One key to getting ahead in the NFL: When other teams are zigging, you zag.

The best teams have made a killing at taking advantage of the margins, the white space the rest of the fodder-fillers deem unworthy of their attention.

The Baltimore Ravens now perhaps employ one of the NFL's biggest situational offensive advantages in quarterback Lamar Jackson. The signal-caller's ability to stress defenses with his legs brings a different speed element to the position others don't possess.

Baltimore's new GM Eric DeCosta plans to take this offseason to exploit different angles that Jackson's dual-threat ability enables.

"This is a really, really fun, exciting offseason, because we get a chance to look at other teams, and maybe even have the chance to draft some players or add some players that maybe other teams don't like as much as we do because we're doing something different," DeCosta said this week, via ESPN. "So, we may be able to find or exploit that situation a little bit."

In an ideal world, Jackson returns as an improved passer in 2019, and the Ravens can truly employ a multifaceted, dangerous offense that can keep defenses off balance.

Flexibility is key for DeCosta.

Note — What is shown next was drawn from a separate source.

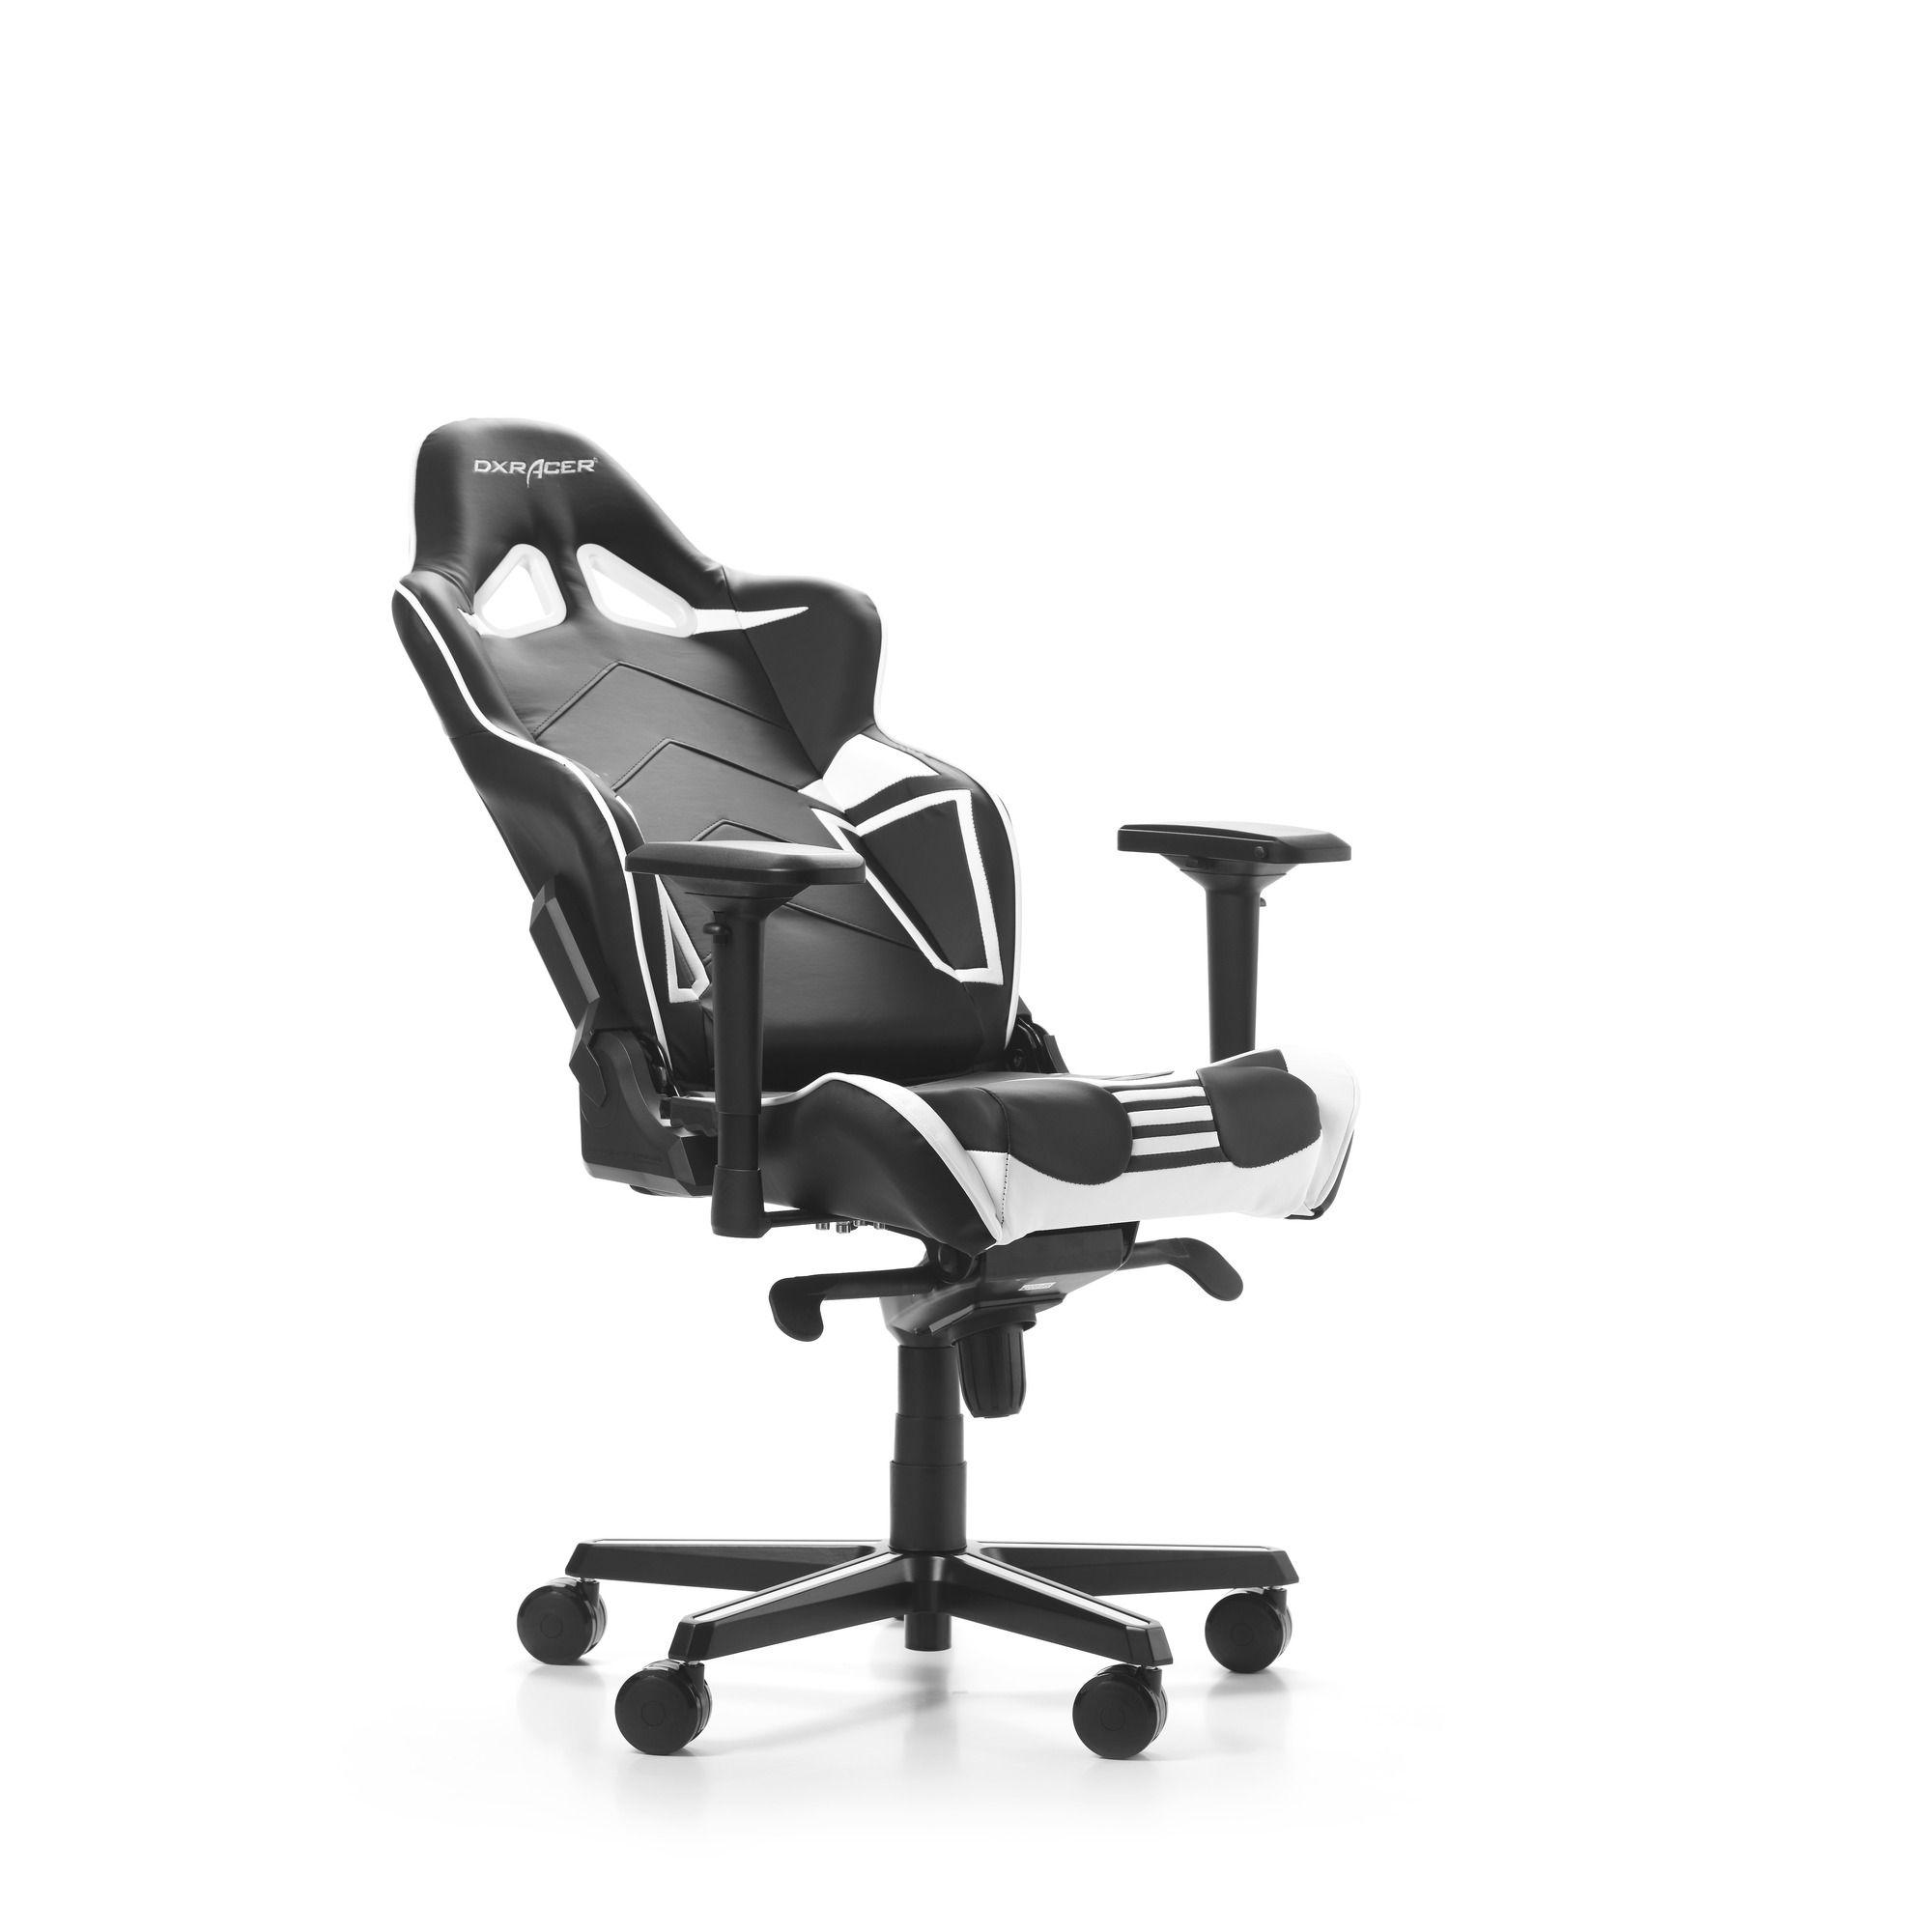 Гейминг стол DXRacer OH/RV131/NW - серия RACING V2, черен/бял - 5

Flexibility in the players he can chance in free agency and the draft. And flexibility in the roster-building process.

With Jackson playing on a cheap rookie deal, the new GM knows now is the time to strike.

"One of the things that we want to do is put ourselves in a really good salary cap situation now and also moving forward," DeCosta said. "That's the goal, that's the challenge. I think we can get there. I think we'll make strides this year. I think we'll make more strides next year. Moving forward, that's our plan. So, having a quarterback on a rookie deal is a big part of that."

DeCosta not only boasted about the differentiation and financial flexibility Jackson provides Baltimore but also believes that the quarterback should attract talent on the free agent market.

"I think players respect talent," DeCosta said. "I think players respect athletes and competitors. Anyone can watch Lamar Jackson and see how talented he is and what kind of a competitor he is. Players also want to win, and I think that's something that drives every professional athlete -- winning games. I think they'll recognize that about us. When they watch us play, they'll want to play here."

All the eggs in Baltimore are in the Lamar Jackson basket, and the team is excited for what that means moving forward.